Brief: Your output should be the lines below from the one with "Mozart. W.A. (1756 – 1791)" through the one with "Malacca Food Crawl", copied exactly, pictures excluded.

Source data:
§

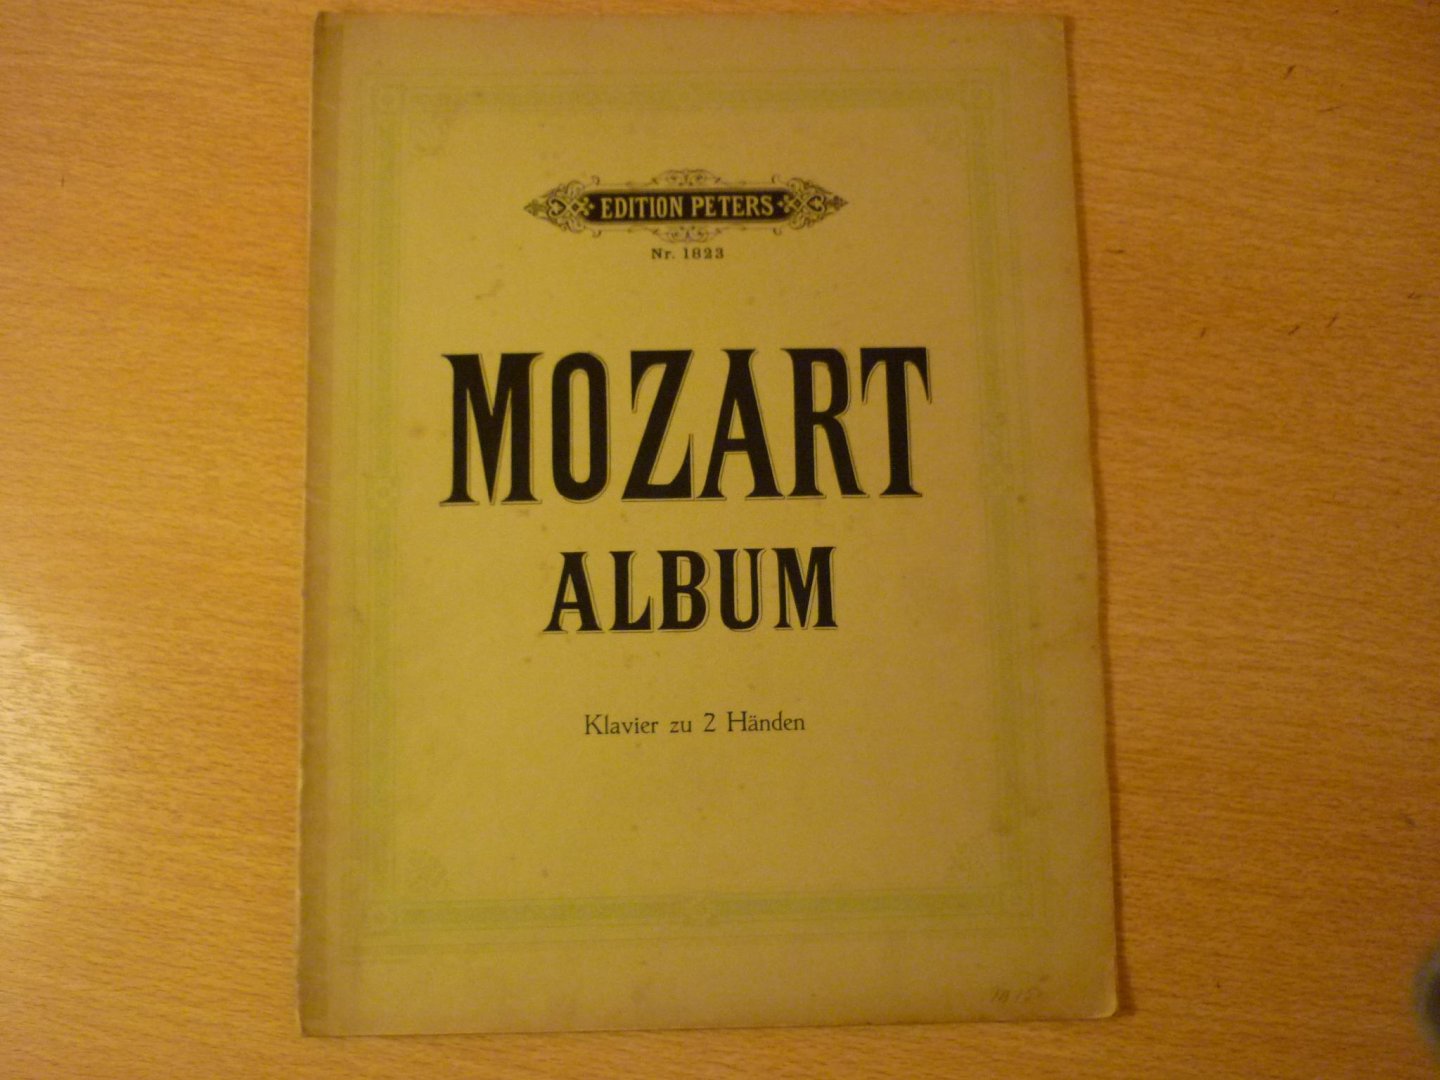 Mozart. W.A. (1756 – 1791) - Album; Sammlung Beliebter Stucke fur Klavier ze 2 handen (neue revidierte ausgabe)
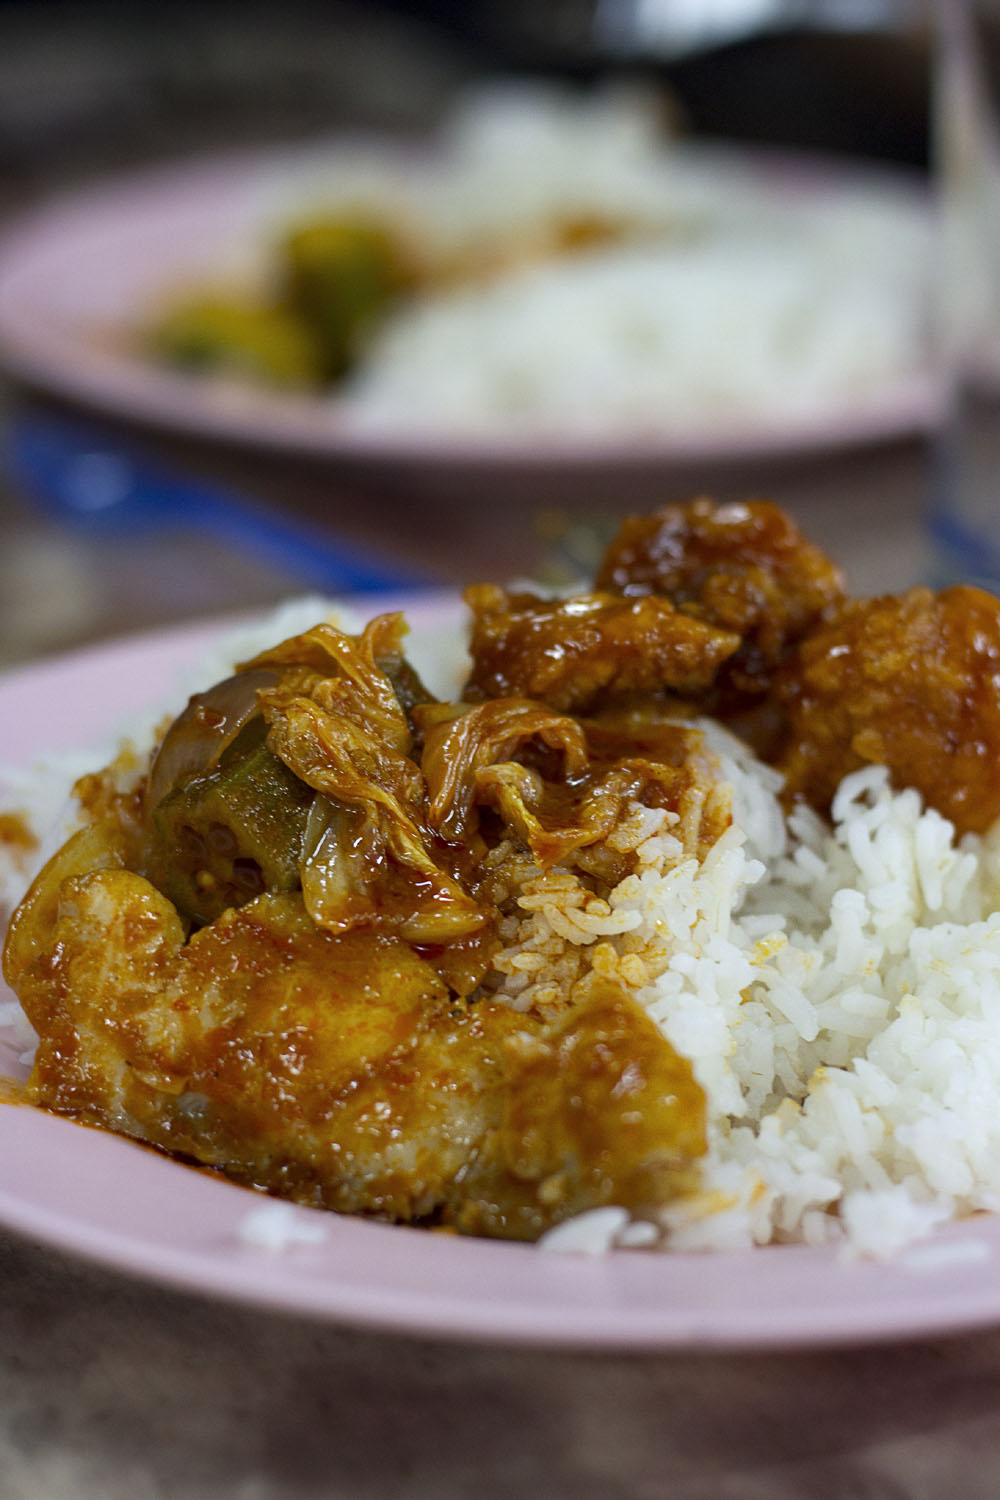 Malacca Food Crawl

§

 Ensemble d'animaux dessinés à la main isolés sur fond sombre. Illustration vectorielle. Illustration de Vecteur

§

Result of the task:
 Mozart. W.A. (1756 – 1791) - Album; Sammlung Beliebter Stucke fur Klavier ze 2 handen (neue revidierte ausgabe)
 Malacca Food Crawl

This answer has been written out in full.